New York police, not FBI, gave Dutch Brussels bomber info: minister

A memorial to the victims. Photo: Miguel Discart on Flickr via Wikimedia Commons
A memorial to the victims. Photo: Miguel Discart on Flickr via Wikimedia Commons

Information about two Belgian brothers involved in the Brussels bombing was passed to the Netherlands by police in New York, not the FBI, justice minister Ard van der Steur told parliament on Wednesday.

On Tuesday, during a debate on the way the Netherlands dealt with the deportation of one of the brothers from Turkey, Van der Steur said information about their background had been given to the Netherlands by the FBI on March 16.

The next day, there was direct contact between the Belgian and Dutch police during which the brothers’ ‘radical backgrounds’ was discussed, Van der Steur said. A week later, the two brothers blew themselves up in suicide bomb attacks at Zaventum airport and a metro station.

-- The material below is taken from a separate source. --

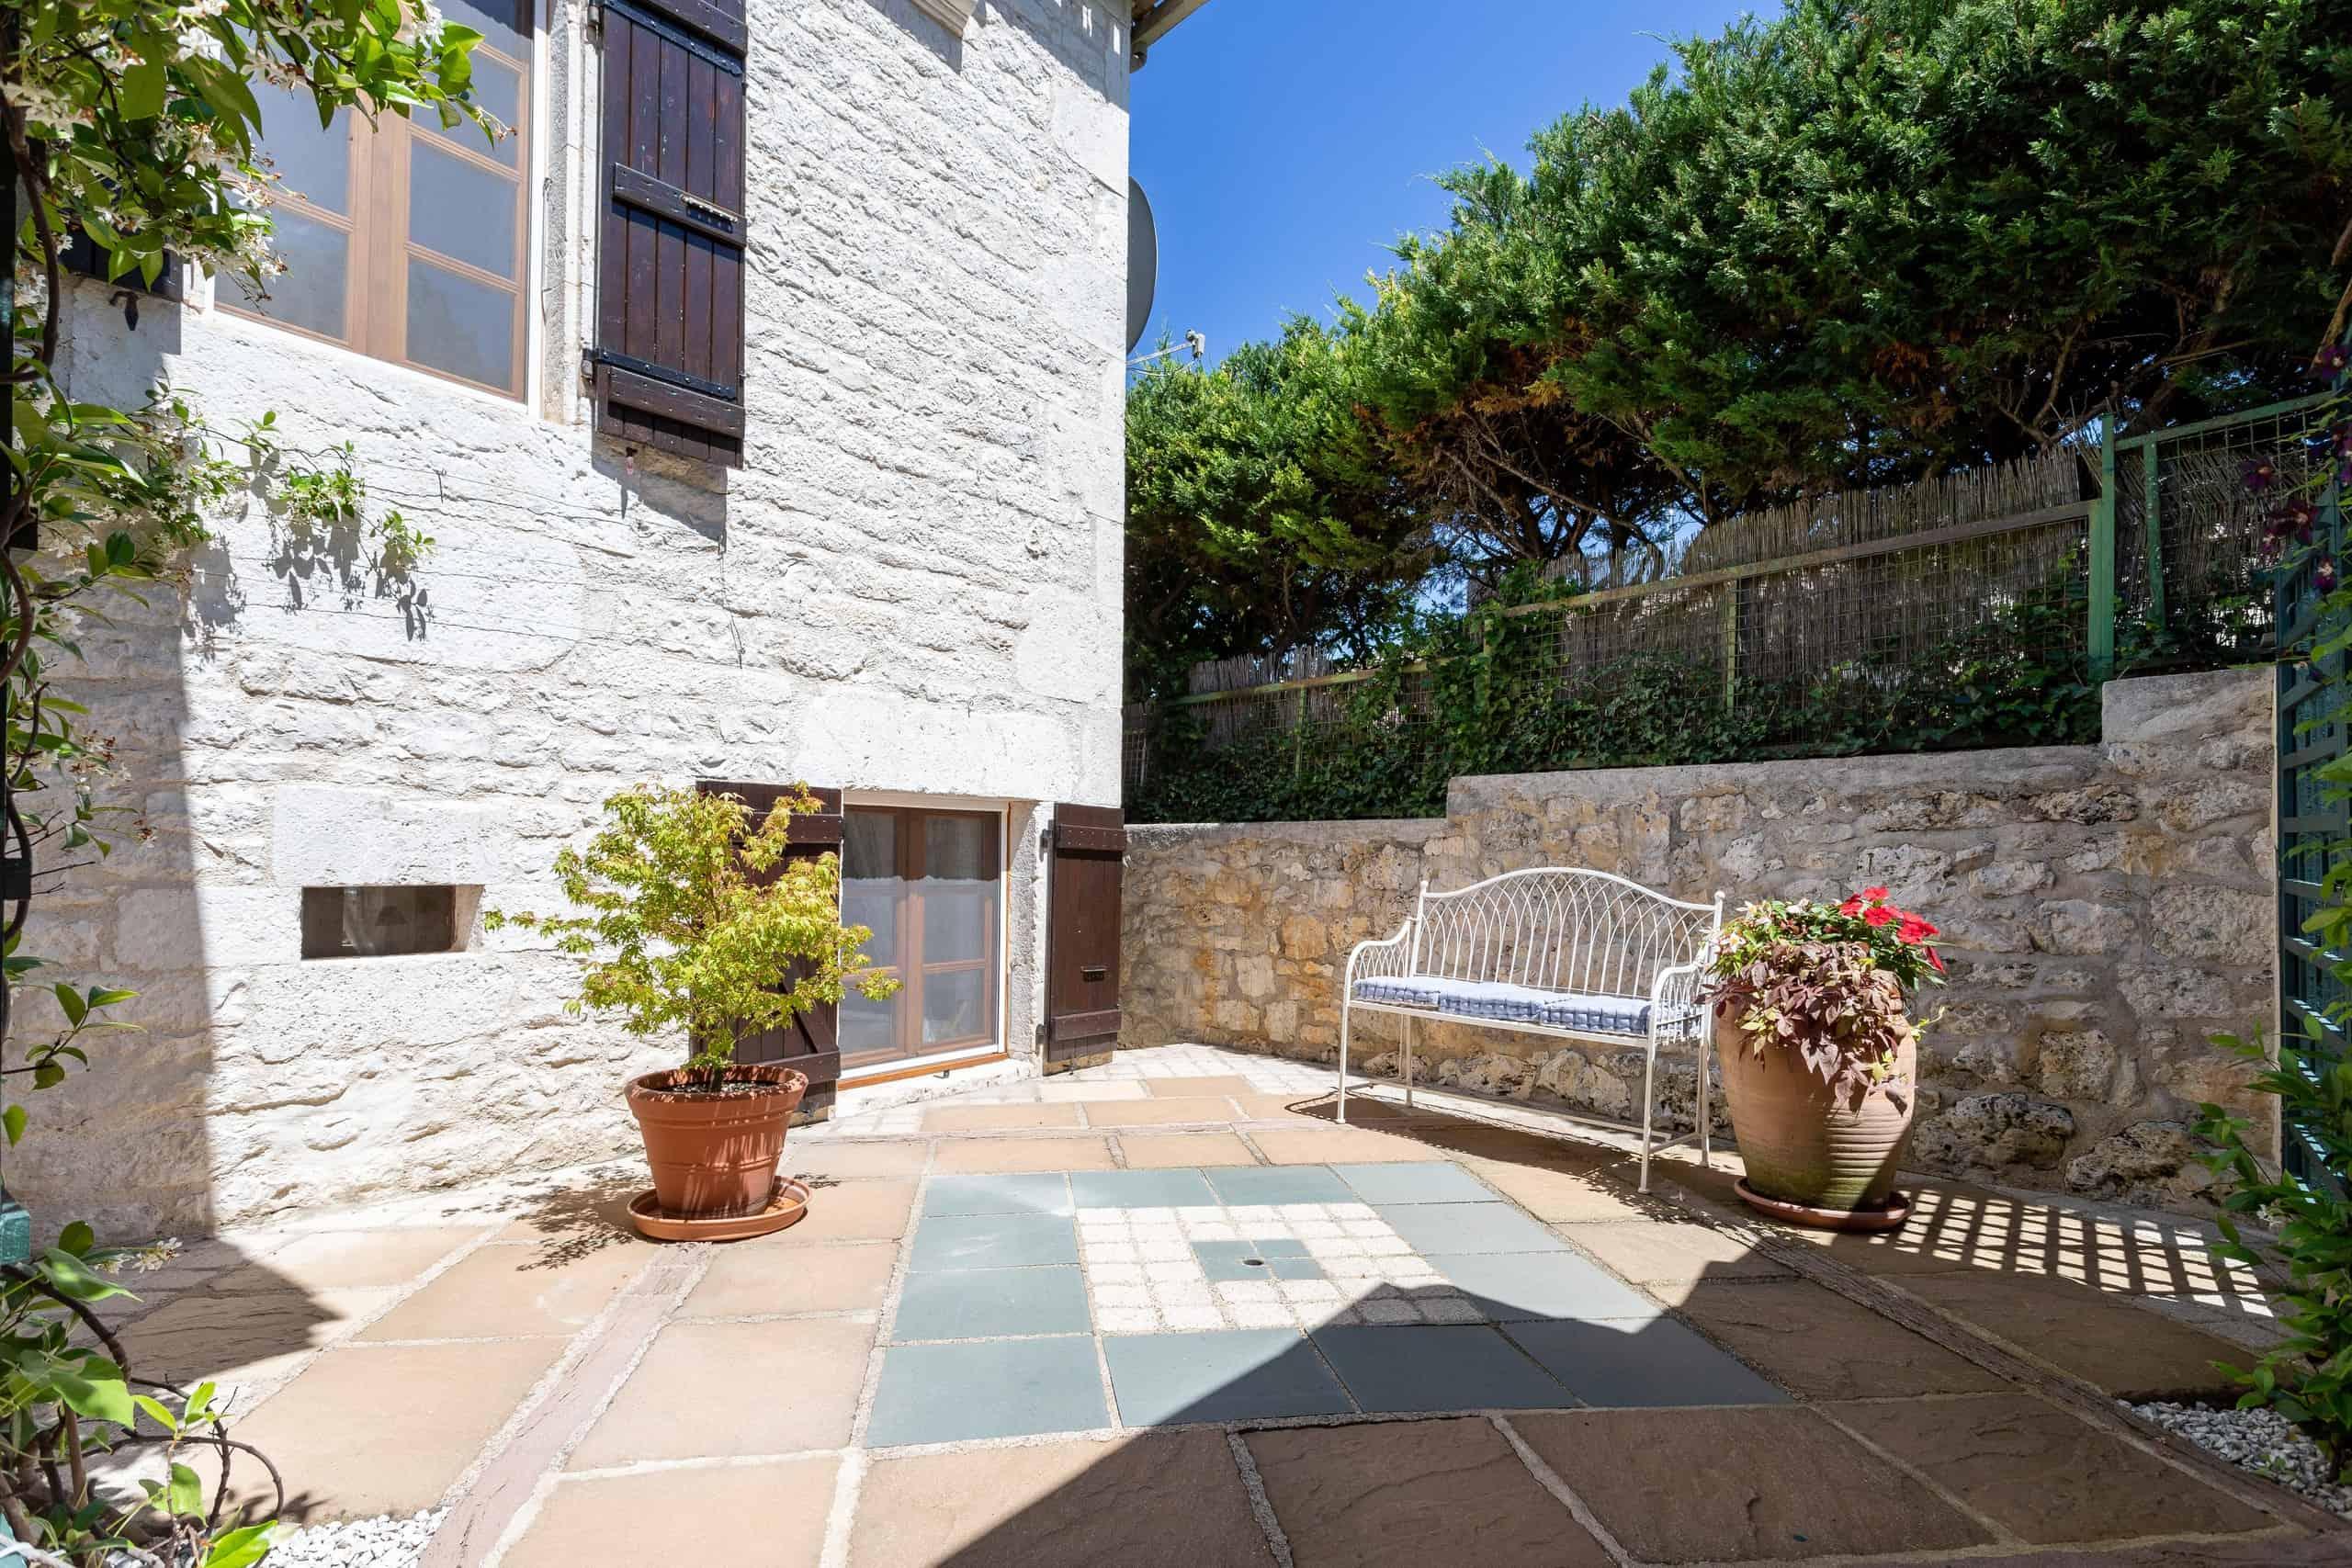 Courtyard-WMC083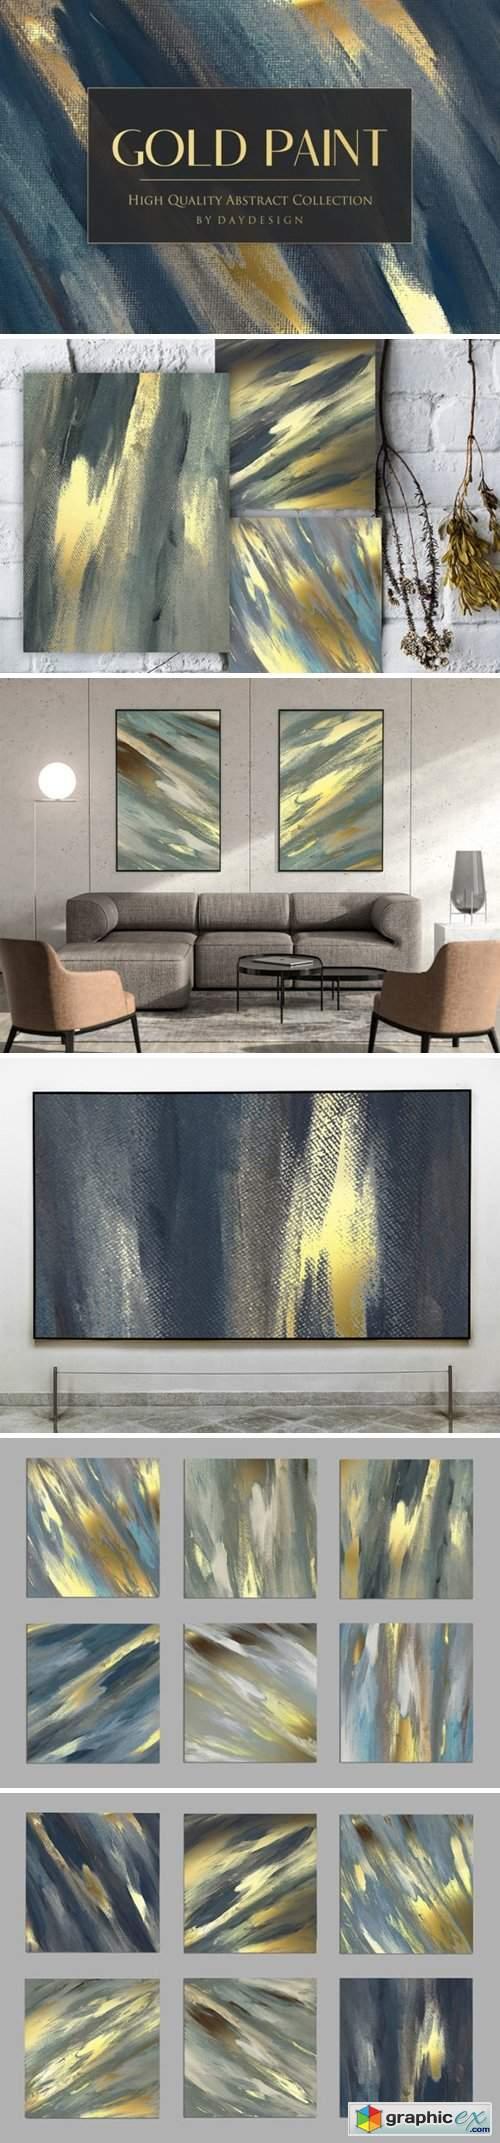 Gold Paint Backgrounds

‘A mistake has been made in identifying the source of the information,’ Van der Steur said in a written note to parliament. ‘The Dutch liaison at the embassy in Washington was given a message from another major American intelligence organisation, the Intelligence Division of the New York Police Department.’

This information was then passed on to the Dutch police without being sourced, he said. ‘In the Netherlands it was assumed this information came from the FBI.’

Van der Steur said he did not know why the information had been passed on to the Netherlands and that he has asked the New York police for clarification.